Quando eu sofro da mente, os contos são meu refúgio: eu os tomo como ópio; e eu
considero aquele que os escreve como o médico da mente. E francamente... não é
Shakespeare que tomamos quando estamos mal; nem, certamente, George Eliot –
não, nem mesmo Balzac. É Charles Reade ou velho Dumas, ou the Arabian Nights, ou o
melhor de Walter Scott; são os contos que queremos, não a alta função poética que
representa o mundo; somos então feito o Asiático com seu improvisatore ou o de
meia-idade com seu trouvère. Queremos incidente, interesse, ação: que se dane a
filosofia.

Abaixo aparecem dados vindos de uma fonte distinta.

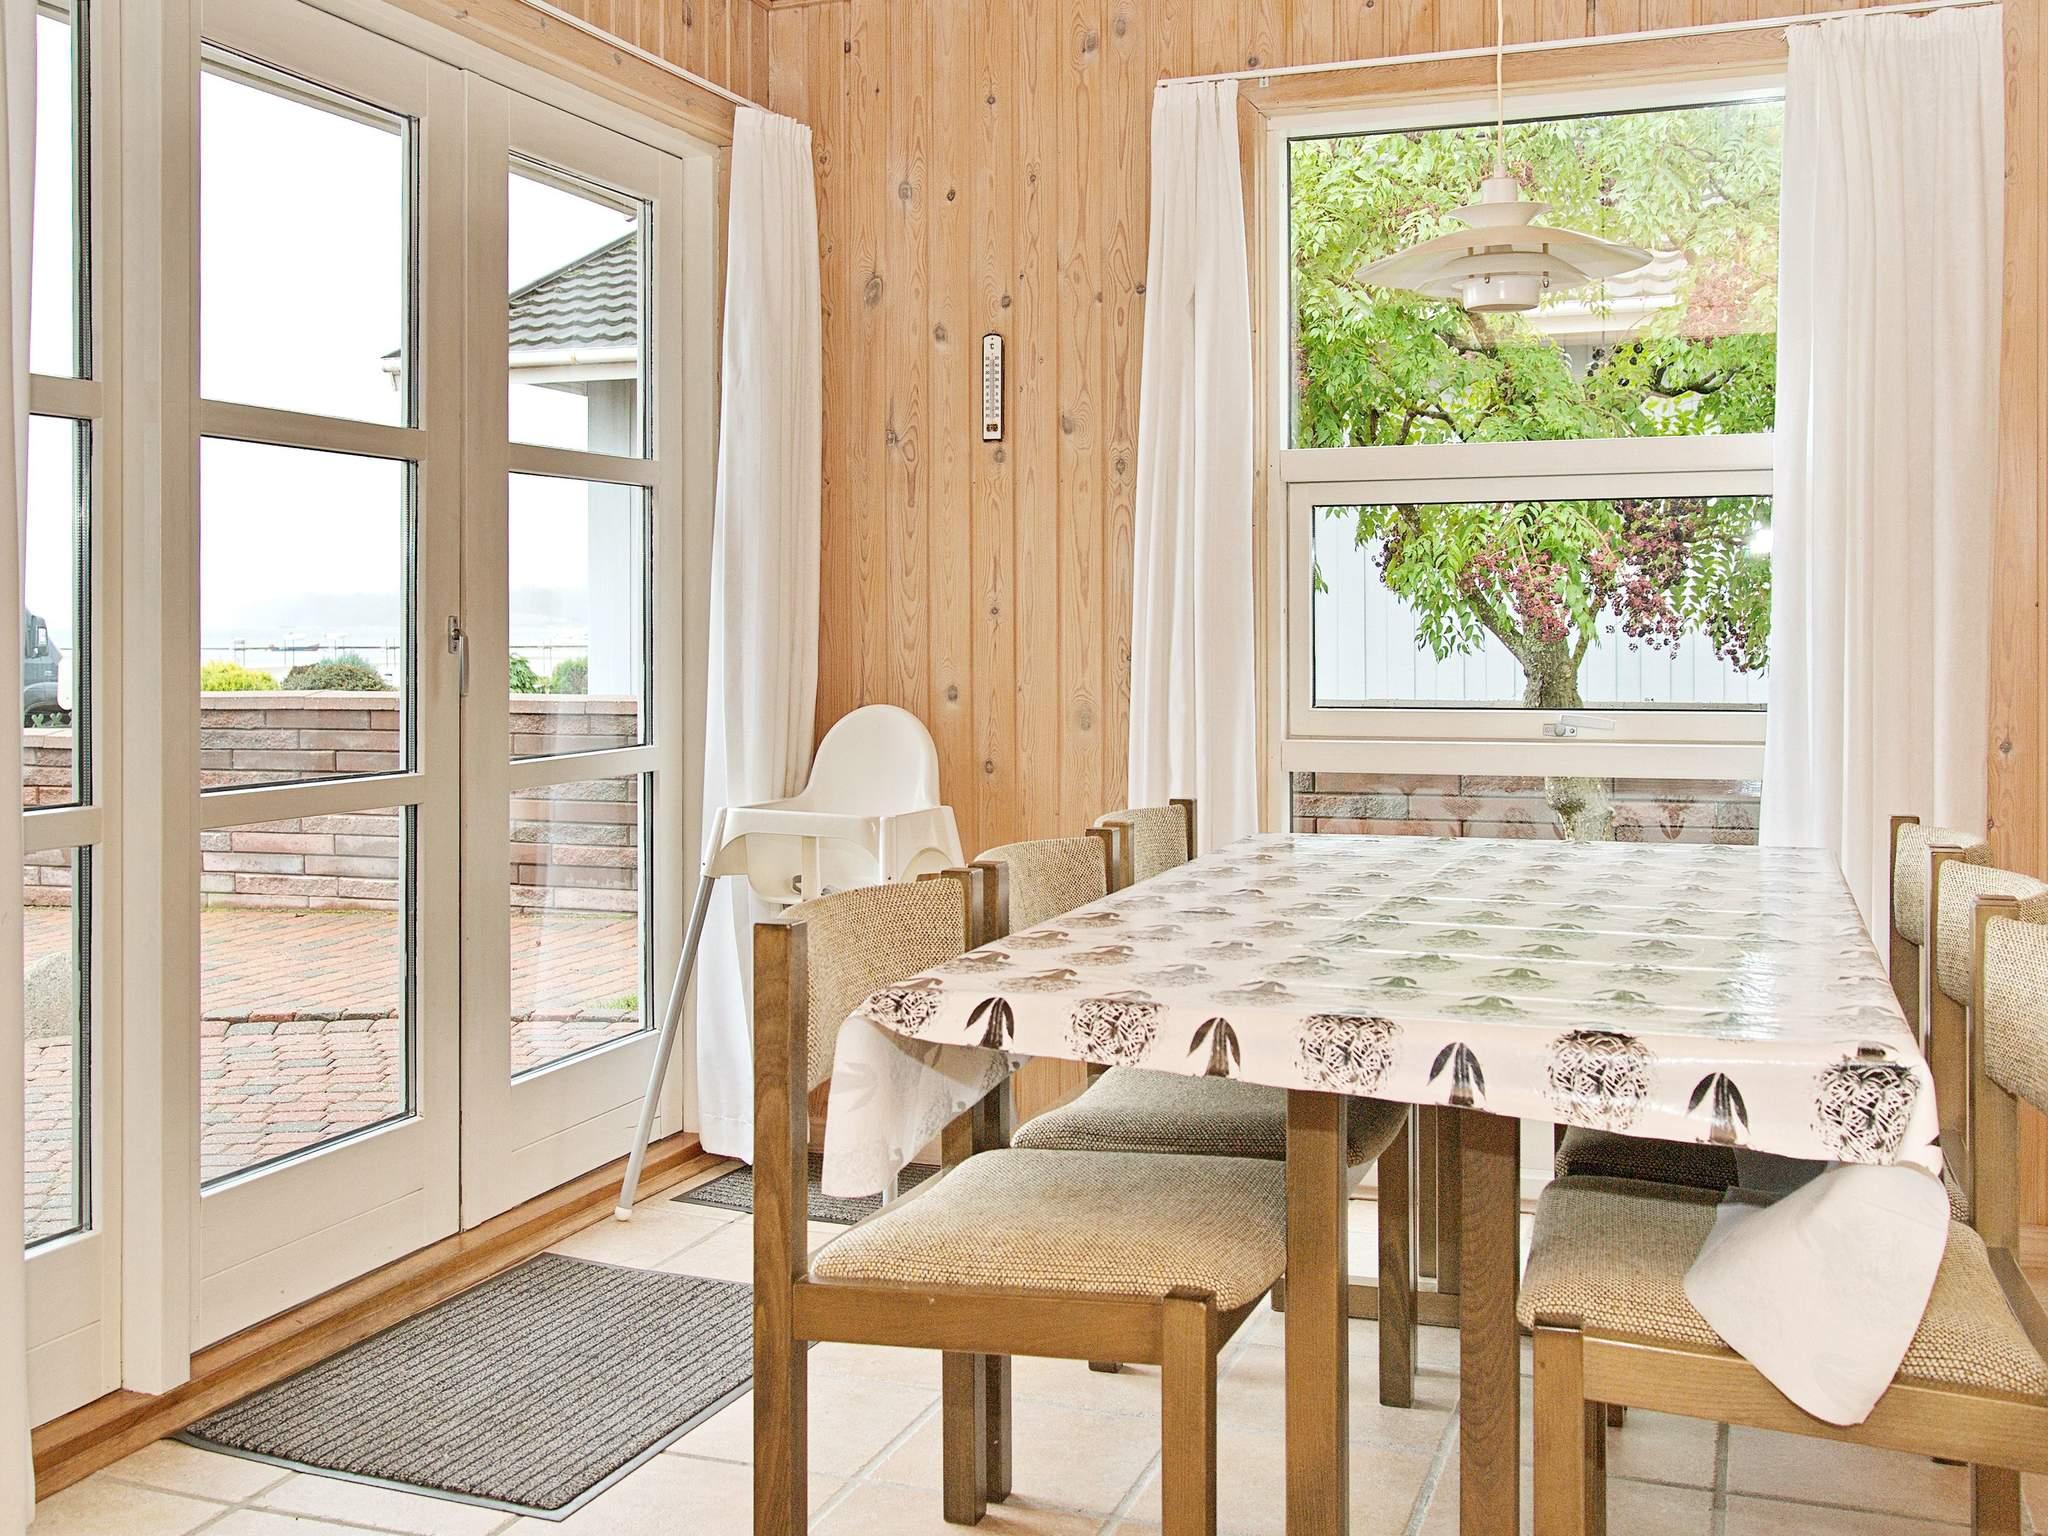 Ferienhaus Binderup Strand (82391), Binderup, , Südostjütland, Dänemark, Bild 6

Quando estivermos bem novamente e estivermos com a mente calma,
examinaremos sua obra importante; mas o que queremos agora é uma droga.

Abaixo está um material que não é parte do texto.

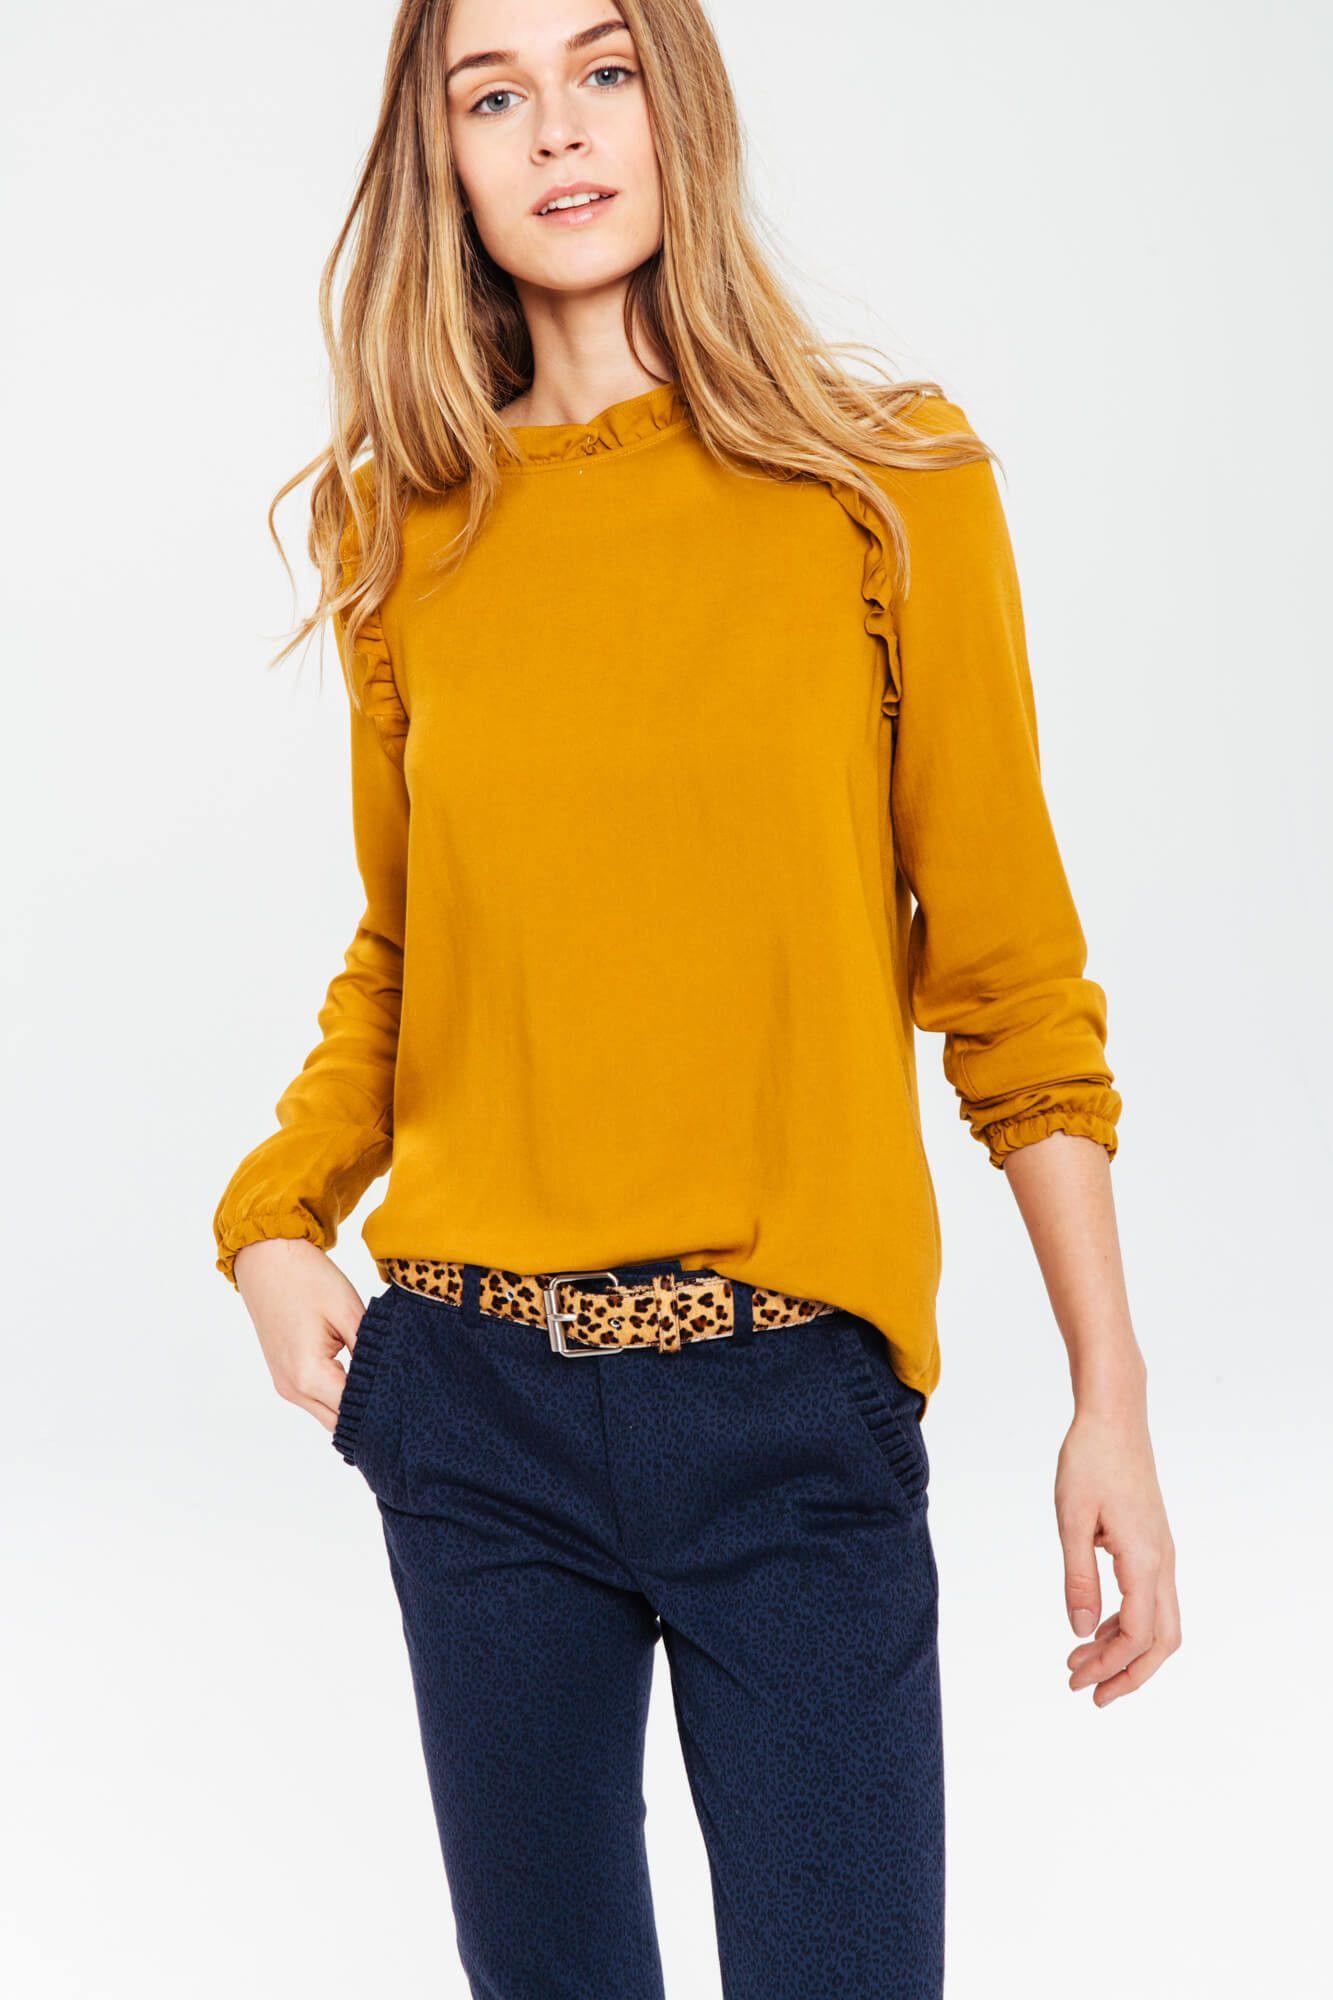 Blouse femme moutarde a volant mode t pinterest blouse femme moutarde et blouse - Quelle couleur associer au jaune moutarde ...

Visto que a época de Stevenson se tornou inaceitável recorrer a Charles Reade, Dumas
pére, e a the Arabian Nights ao adiar Shakespeare, George Eliot e Balzac ‘até estarmos
bem novamente e estivermos com a mente calma’, como recomendou Stevenson. O
Modernismo não deu sanção literária para ninguém ter mente calma jamais. E os
conto do século XX surge precisamente fora do sentido de que a vida só pode ser
apresentada em fragmentos e episódios subjetivos comprimidos que estimulam ao
invés de drogar a mente. Atualmente, são os sub-genêros como o conto de detetive ou
o suspense ou em meios não-literários como filme e televisão que a narrativa de linha
forte preferida por Stevenson deve ser encontrada e isto em si indica as limitações
assim como as atrações de suas ideias sobre ficção. O mesmo ponto foi feito de um
ângulo diferente por V.S. Pritchett, que comentou numa entrevista que a televisão
‘parece um meio ideal para o conto, mesmo que a TV dependa muito do enredo,
muitos contos bons não são considerados adequados’. Certamente, nos meios visuais
populares os contos de Stevenson continuaram a fluir, um fenômeno que pode de fato
diminuir, ao invés de aumentar sua reputação como artista. S.S. Prawer argumentou
que Dr Jekyll and Mr Hyde tem sido filmado com tanta frequência e interessantemente
porque o cinema e mais em casa com obras de arte menores ‘tiradas do
subdesenvolvimento da publicação em massa’ e então ‘transformadas em obras de
arte’ com tratamento fílmico.

De jeito nenhum vale a pena ler todos os contos que emergem ‘do
subdesenvolvimento da publicação em massa’, que em qualquer caso não é um
enredo igualmente tenebroso em todas as fazes da história literária; a maioria dos
escritores considerados neste estudo almejam agradar os leitores que são capazes de
apreciar Shakespeare assim como Dumas père – e de distinguir a relativa grandeza
deles. Mas embora uma visão do conto como anódino puro é claramente inadequado,
permanece verdadeiro que o contista que segue, como muitos dos melhores seguem,
a máxima de Stevenson que a tarefa do artista ‘não é simplesmente convencer, mas
encantar’ pode estar tacitamente renunciando ‘a alta função poética que representa o
mundo’ em favor das mais modestas, embora imensamente valorosas, aspirações.